Maintenant, sur le fond de cette affaire… La responsabilité du Pentagone ? Si non è vero, è ben trovato, et désormais le soupçon existe, et c’est une bonne chose. Que le Pentagone ou une CIA quelconque n’ait pas trempé dans cette affaire est bien possible, et nous aurions même jusqu’à dire “probable”. Peu importe la vérité à ce propos, puisque la vérité et son respect, comme l’honneur, la patriotisme, etc., ne sont pas des valeurs à prendre en compte à son propos (du système-monstre). Si un nombre important de jugements sautent à la conclusion de l’implication du monstre dans cette affaire, tant mieux, – et plus il y en aura, mieux ce sera. A cet égard, la “vérité” se construit comme on retrouve un joyau enterré sous des tombereaux de boue, et même si elle ne correspond pas aux faits manipulables à merci, du moment qu’elle conduit à mettre en cause le système-monstre, – de ce moment, elle est objectivement une vérité. Puisque nous sommes dans l’époque de la complète relativité de l’information, il faut tout faire pour que l’information aille dans ce sens, car la seule vérité qui importe et qui existe sans aucun doute c’est la mise en évidence implacable et sans aucune nuance de l’aspect maléfique du système-monstre.

Wikileaks-Assange ont d’abord réagi en dénonçant ce “sale coup” hypothétique et en disant que le but était de salir Assange pour le discréditer, et que cela était fait dès lors que l’inculpation avait été annoncée, même si elle fut ensuite retirée.
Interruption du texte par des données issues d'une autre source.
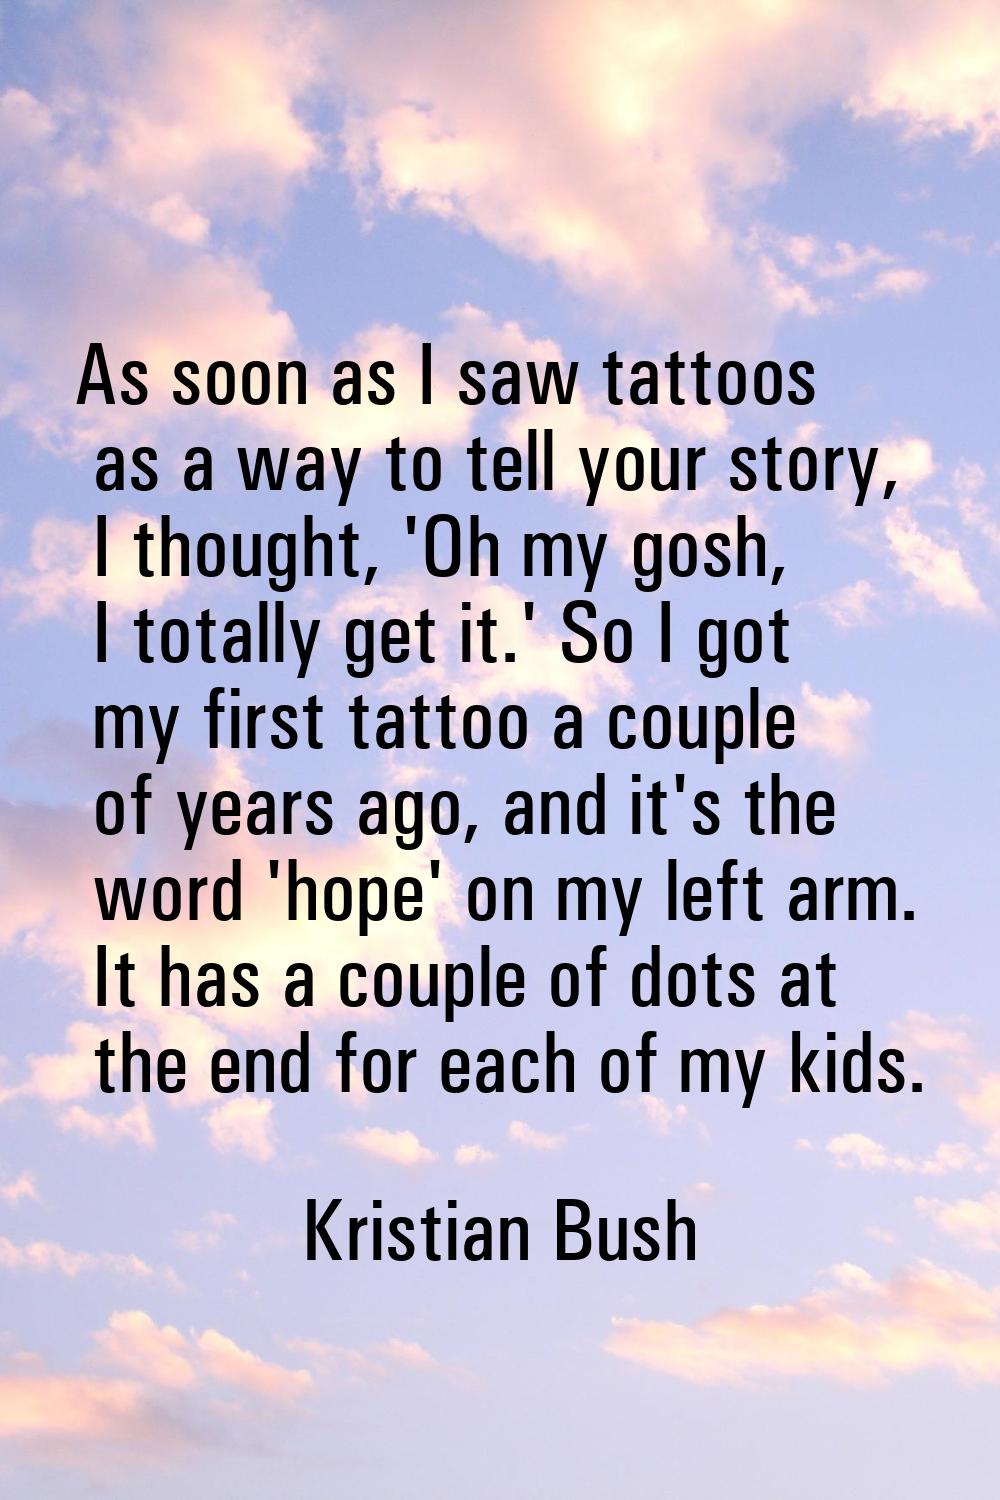 As soon as I saw tattoos as a way to tell your story, I thought, 'Oh my gosh, I totally get it.' So

L’argument est que la première information, – l’inculpation, – ayant bénéficié d’une grande publicité, c’est cela qui resterait dans l’esprit des gens. Nous ne sommes pas d’accord. L’affaire fait désormais autant de bruit, sinon plus, dans sa dissolution, avec retrait de la plainte, et l’attention est définitivement orientée vers l’interprétation hypothétique d’un montage contre Assange. Plus que jamais, la perception est que le système-monstre essaie d’avoir la peau de Wikileaks-Assange, éventuellement par tous les moyens, ce qui renforce le crédit deWikileaks-Assange et de leurs “fuites”, autant que de la justification “morale” de ces actions, et tout cela rend leur élimination beaucoup plus difficile. De plus en plus de monde comprennent désormais (sont désormais persuadés) que le système-monstre a encaissé durement avec les fuites de Wikileaks, donc que ces fuites représentent l’expression d’une vérité, – non, plus encore, de la vérité pure et simple, qui est la perversion du système-monstre. C’est là l’essentiel dans la bataille de la communication.